1920 год стал для Матиссов концом целой эпохи. Родительский дом был продан, вещи вывезены, магазином никто больше не занимался. Огюст Матисс в торговле не преуспел и удалился от дел, а что касается его старшего брата, то тот больше не приезжал ни в Боэн, ни в родной Ле-Като. Анри Матисс строил новую жизнь на Юге. Нельзя сказать, что в тот момент у него имелись какие-то четкие планы на будущее. Вернувшись в феврале в «Медитерране», он предполагал задержаться в Ницце только для того, чтобы закончить начатые работы. «Ницца мне все больше надоедает. Я чувствую себя здесь совсем одиноким, — жаловался он в марте. — Я постоянно напоминаю себе, как мало сделал в Париже, и уговариваю себя остаться здесь». Матисс «изнурял себя трудом», но у него ничего не получалось — даже несмотря на то, что Арну снова позировала ему. Он был недоволен собой и пока не понимал, сумел ли найти новую манеру. До тех пор, пока это не произойдет, вернуться домой он не мог.

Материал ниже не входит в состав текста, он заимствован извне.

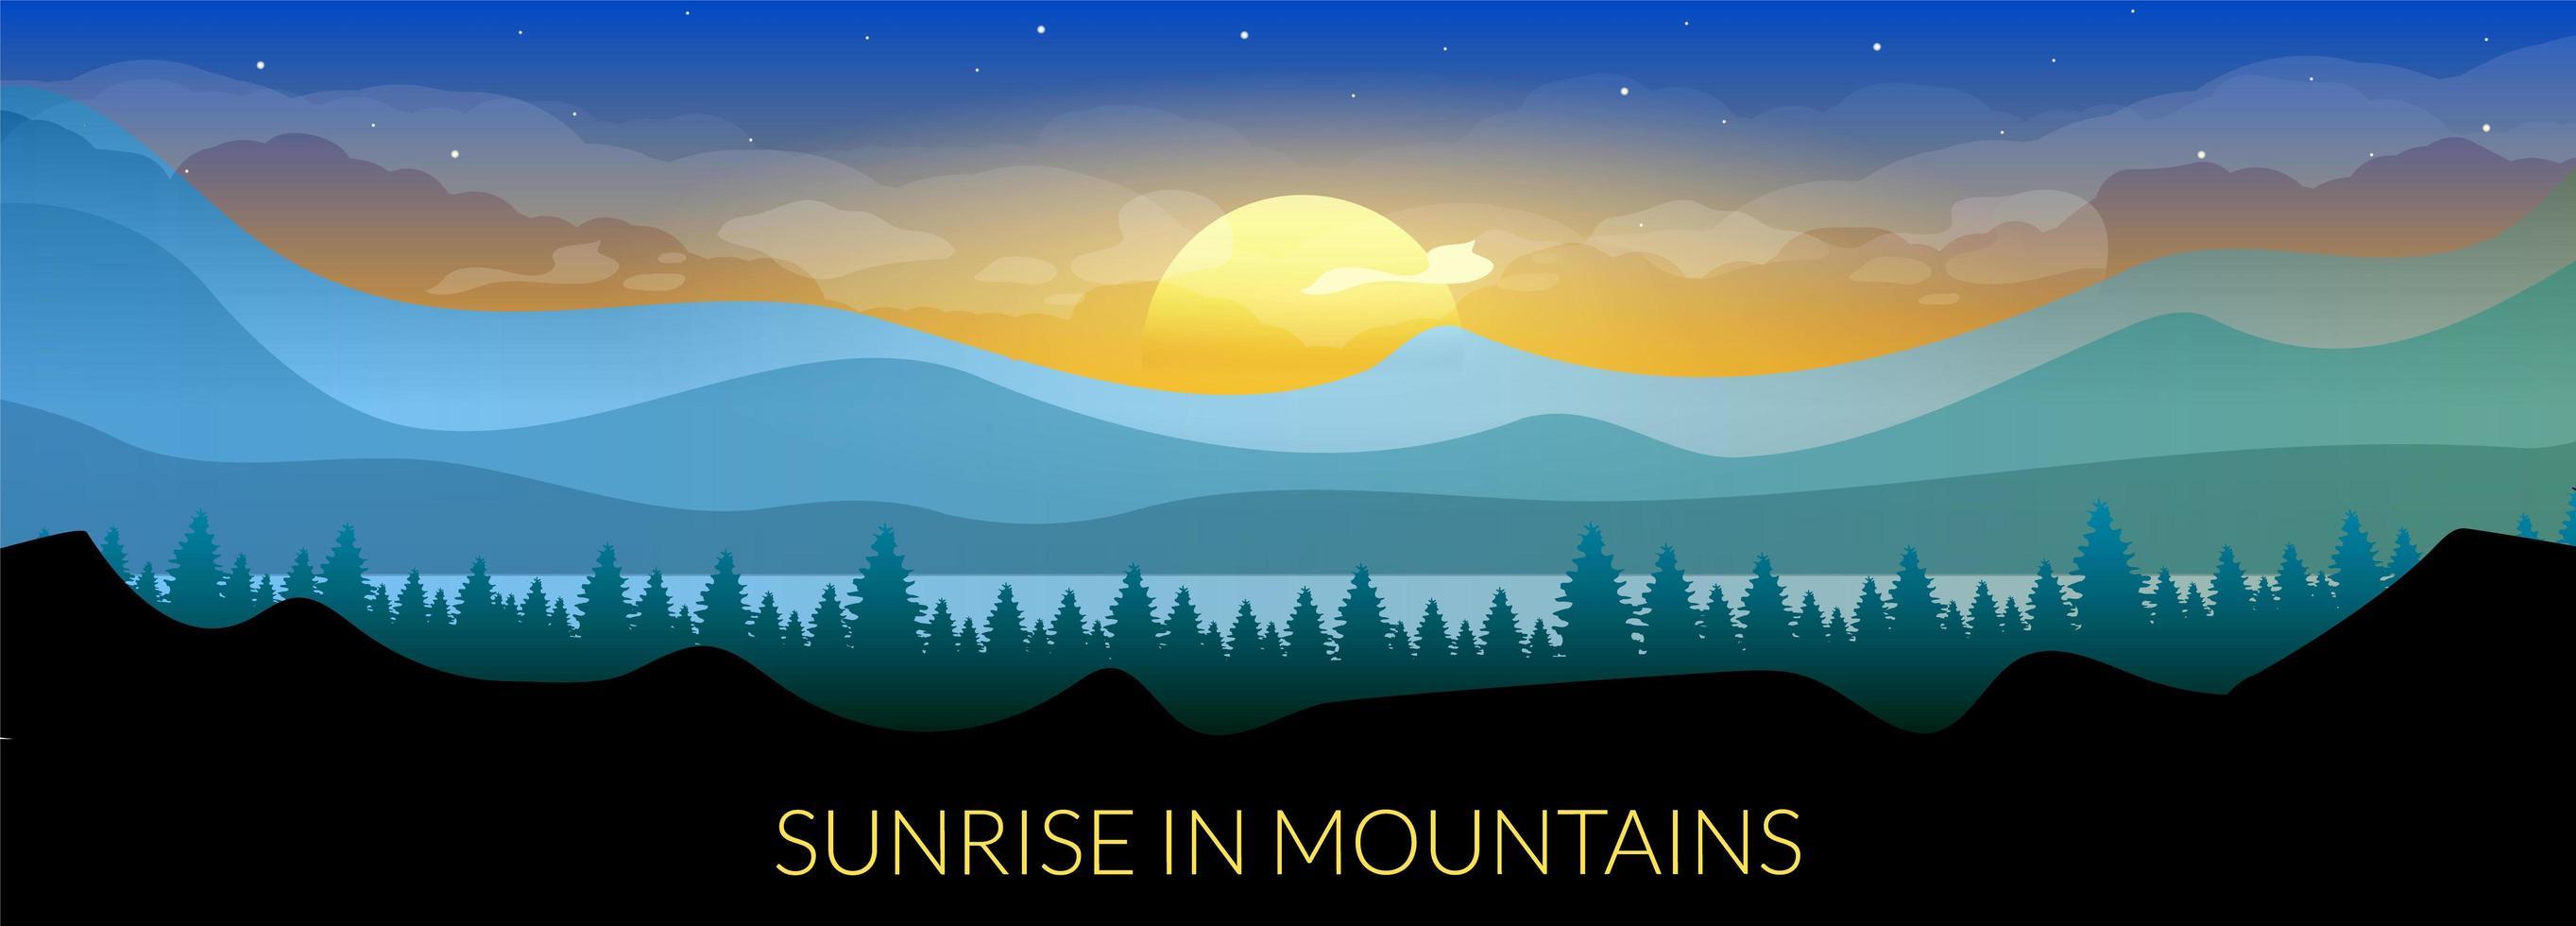 amanecer en las montañas vector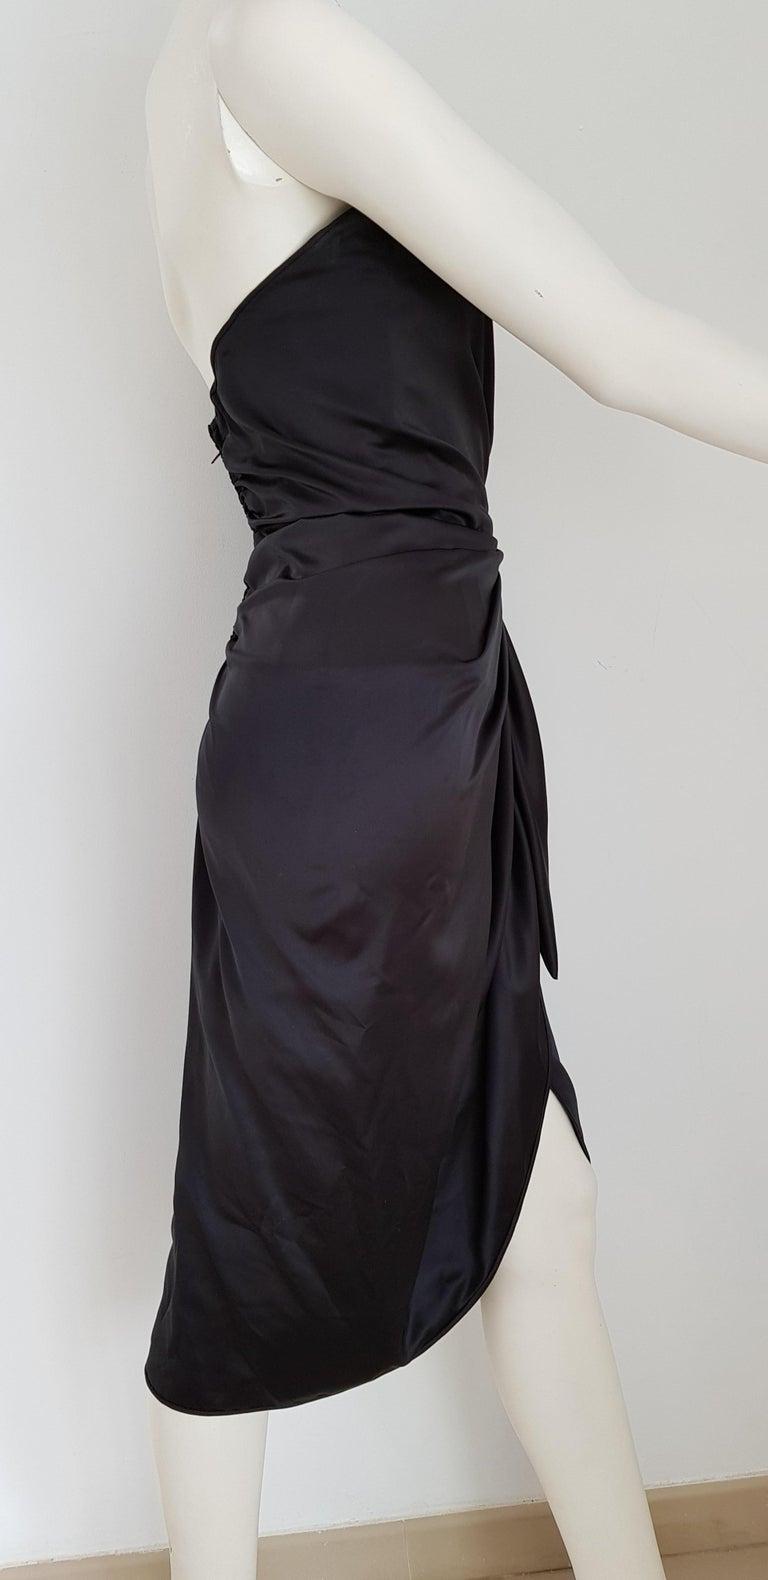 Black VALENTINO Haute Couture Swarovski Diamonds Drop in Front, Silk Gown- Unworn, New For Sale

В конце апреля он послал в Исси семь картин. Жена и дети не очень понимали, как следует реагировать на очаровательных девушек в красочных интерьерах с занавесками в оборках. По правде говоря, Матисс и сам не очень-то понимал, что за всем этим стоит. Только в мае, когда он вернулся домой, ему открылась их суть (для многих так и оставшаяся загадкой). Среди кучи вещей, которые Амели привезла из родительского дома в Боэне, обнаружились две его самые первые картины — натюрморты с книгами и свечами, выдержанные в мрачных землистых тонах. Весной 1920 года Матисс еще до конца не осознал, что взятый им «курс на Юг» означает полный разрыв с прошлым. Холсты, о которых он забыл и думать, поразили его: он открыл для себя, что по прошествии двух десятилетий упорных, мучительных поисков в нем как в художнике по сути мало что изменилось.

Впрочем, тем летом художнику было не до самоанализа: его занимало только здоровье Маргерит. Матисс был необычайно заботлив и повез жену и дочь в Нормандию, где они прожили целый месяц на побережье Ла-Манша. Там, в Этрета, он написал несколько эскизов: рыбы, лодки, залив и необычные скалы, прежде так вдохновлявшие импрессионистов. Но наиболее точно передавал его тогдашние чувства небольшой портрет Марго. Он впервые написал дочь без черной ленты, которую она носила с детства. Похудевшая, расслабленная, она дремлет, словно принцесса из детской сказки, — лебединая шея, длинные ресницы, бледные щеки, разбросанные по подушке черные волосы. Если бы не беспокойная розовато-лиловая бледность и темные пятна вокруг глаз, портрет можно было бы даже назвать слащавым. «Портрет спящей Маргерит» прост и безыскусен, но за этим кроется то же душевное волнение, что и в самом первом портрете дочери — печальной девочки с широко раскрытыми черными глазами на белом, как мел, лице, написанном ее отцом двадцать лет назад. Вернувшись в Париж в августе, Анри и Амели повесили «Портрет спящей Маргерит» у себя над кроватью.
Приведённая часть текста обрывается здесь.